PROVIDED RECORDS »
+++++

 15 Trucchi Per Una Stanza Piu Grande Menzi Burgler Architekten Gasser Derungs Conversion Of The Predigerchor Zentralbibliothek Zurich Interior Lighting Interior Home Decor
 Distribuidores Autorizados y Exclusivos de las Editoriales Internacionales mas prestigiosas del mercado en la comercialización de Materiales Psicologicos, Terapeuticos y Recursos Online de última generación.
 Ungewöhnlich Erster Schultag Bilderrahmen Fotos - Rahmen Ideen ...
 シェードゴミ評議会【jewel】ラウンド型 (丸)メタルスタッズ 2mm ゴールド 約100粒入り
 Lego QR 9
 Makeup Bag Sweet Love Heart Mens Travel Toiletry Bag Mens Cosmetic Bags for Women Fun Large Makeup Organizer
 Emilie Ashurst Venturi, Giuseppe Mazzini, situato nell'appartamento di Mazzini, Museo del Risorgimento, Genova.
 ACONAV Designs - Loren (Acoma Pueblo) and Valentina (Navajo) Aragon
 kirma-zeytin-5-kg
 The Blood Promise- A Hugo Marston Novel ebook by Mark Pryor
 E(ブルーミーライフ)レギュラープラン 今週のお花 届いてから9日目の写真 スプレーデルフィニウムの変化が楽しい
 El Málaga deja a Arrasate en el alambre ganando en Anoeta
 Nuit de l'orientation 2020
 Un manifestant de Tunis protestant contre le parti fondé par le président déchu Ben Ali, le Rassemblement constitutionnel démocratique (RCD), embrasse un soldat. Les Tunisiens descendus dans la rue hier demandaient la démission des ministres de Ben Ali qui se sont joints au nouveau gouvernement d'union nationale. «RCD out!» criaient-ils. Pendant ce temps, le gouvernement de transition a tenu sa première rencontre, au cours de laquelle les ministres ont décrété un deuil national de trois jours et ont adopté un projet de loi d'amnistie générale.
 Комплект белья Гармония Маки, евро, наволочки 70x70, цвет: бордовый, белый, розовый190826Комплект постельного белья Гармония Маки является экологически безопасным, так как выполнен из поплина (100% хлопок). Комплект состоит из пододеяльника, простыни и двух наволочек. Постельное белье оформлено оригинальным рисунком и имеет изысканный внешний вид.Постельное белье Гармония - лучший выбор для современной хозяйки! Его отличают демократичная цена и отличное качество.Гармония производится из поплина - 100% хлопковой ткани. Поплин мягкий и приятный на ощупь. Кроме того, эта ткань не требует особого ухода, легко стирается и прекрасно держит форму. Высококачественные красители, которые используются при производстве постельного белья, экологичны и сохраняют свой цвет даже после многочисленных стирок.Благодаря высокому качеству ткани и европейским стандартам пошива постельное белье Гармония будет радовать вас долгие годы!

+++++

TASK TO COMPLETE » Nothing but the lines from the one containing "Nuit de l'orientation 2020" through the last line of the data above should be given again, each exactly as it stands.

ANSWER SECTION »
 Nuit de l'orientation 2020
 Un manifestant de Tunis protestant contre le parti fondé par le président déchu Ben Ali, le Rassemblement constitutionnel démocratique (RCD), embrasse un soldat. Les Tunisiens descendus dans la rue hier demandaient la démission des ministres de Ben Ali qui se sont joints au nouveau gouvernement d'union nationale. «RCD out!» criaient-ils. Pendant ce temps, le gouvernement de transition a tenu sa première rencontre, au cours de laquelle les ministres ont décrété un deuil national de trois jours et ont adopté un projet de loi d'amnistie générale.
 Комплект белья Гармония Маки, евро, наволочки 70x70, цвет: бордовый, белый, розовый190826Комплект постельного белья Гармония Маки является экологически безопасным, так как выполнен из поплина (100% хлопок). Комплект состоит из пододеяльника, простыни и двух наволочек. Постельное белье оформлено оригинальным рисунком и имеет изысканный внешний вид.Постельное белье Гармония - лучший выбор для современной хозяйки! Его отличают демократичная цена и отличное качество.Гармония производится из поплина - 100% хлопковой ткани. Поплин мягкий и приятный на ощупь. Кроме того, эта ткань не требует особого ухода, легко стирается и прекрасно держит форму. Высококачественные красители, которые используются при производстве постельного белья, экологичны и сохраняют свой цвет даже после многочисленных стирок.Благодаря высокому качеству ткани и европейским стандартам пошива постельное белье Гармония будет радовать вас долгие годы!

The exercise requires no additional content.